It is also more advantageous if the seeds of the crop plants are sown by means of a sowing coulter with a symmetrical seed outlet.

It is advantageous if the seeds of the catch crop are sown simultaneously with the sowing of the crop seeds, the seeds of the catch crop being directed in front of, behind or next to the coulter sowing the crop seeds in one or two streams of the catch crop.

It is better if the catch crop seeds are introduced into the coulter that sows crop seeds.

PL 241 554 B1

Preferably, the stream of microgranulates containing mineral fertilizers or plant protection products is directed before or after the coulter sowing seeds of crop plants, from one or both sides of the stream of seeds of crop plants.

It is also good when a stream of microgranules containing mineral fertilizers or plant protection products is introduced into the sowing coulter and mixed with a stream of crop seeds.

It is good if the stream of microgranulates containing mineral fertilizers or plant protection products is directed to the surface of the belts cultivated behind the copying and compacting wheel.

It is also advantageous when the stream of microgranulates containing mineral fertilizers or plant protection products is directed into strips of uncultivated soil.

It is advantageous if the compaction of the soil with the depth gauge wheel is adjusted by replacing the depth gauge wheel with a wheel with a different profile.

It is also good when, after sowing, the soil is leveled with a leveling harrow, placed behind the sowing coulter, with an adjustable, sliding tine spacing and an adjustable angle of inclination of the tines relative to the soil surface.

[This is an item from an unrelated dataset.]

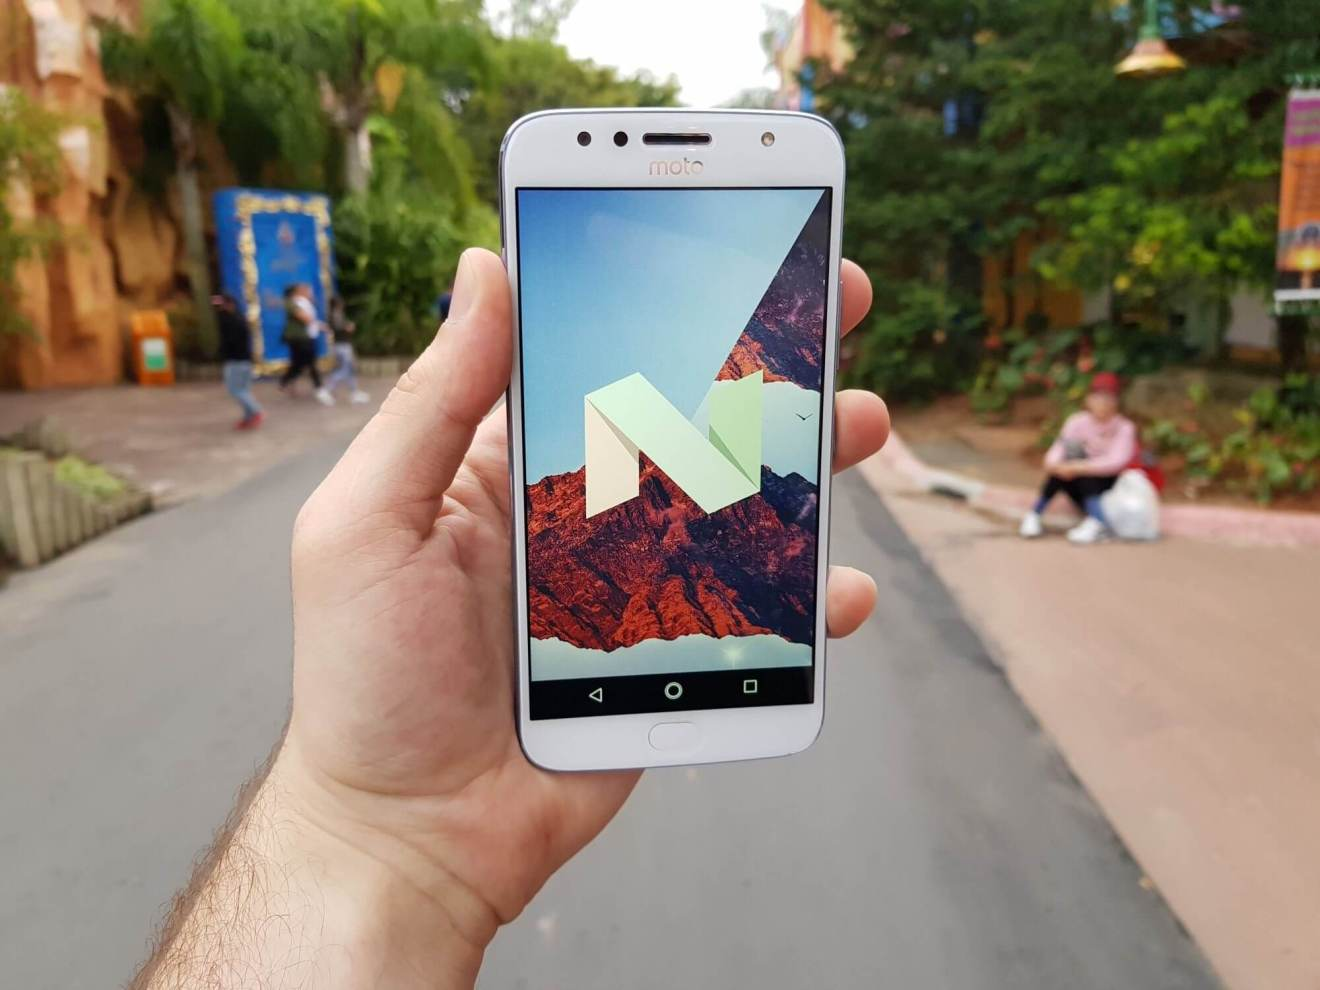 20170930 172546 - Review: Moto G5S Plus, o intermediário com câmera dupla

Preferably, additionally, plant protection products, biostimulators or fertilizer solutions are sprayed with the use of spray jet guides and shields.

It is better if the working liquid of plant protection products, biostimulators or fertilizer solutions is sprayed in the cultivated strip, in the uncultivated strip or over the entire soil surface.

It is also better if the working liquid of plant protection products, biostimulators or fertilizer solutions is sprayed before or after the coulter sowing the seeds of crop plants.

It is also better if the working liquid of plant protection agents, biostimulators or fertilizer solutions is additionally sprayed before or after the leveling harrow.

The subject of the invention is presented in the examples of embodiment in the drawing, in which Fig. 1 shows a cultivation scheme in an embodiment, Fig. 2 shows one of the embodiments in the field of mulch depositing places, Fig. 3 shows an alternative embodiment in the field of mulch depositing places, Fig. Fig. 4 shows one embodiment of crop seeds sowing locations, Fig. 5 shows an alternative embodiment of crop seeds sowing locations, Figs. 6 and 7 show embodiments of catch crop seeds sowing locations, Fig. 8, 9 and 10 show embodiments in the field of directing the stream of microgranulates containing mineral fertilizers or plant protection products, fig. 11 shows another embodiment of a loosening tooth, fig. 12 shows one embodiment of a sowing coulter, fig.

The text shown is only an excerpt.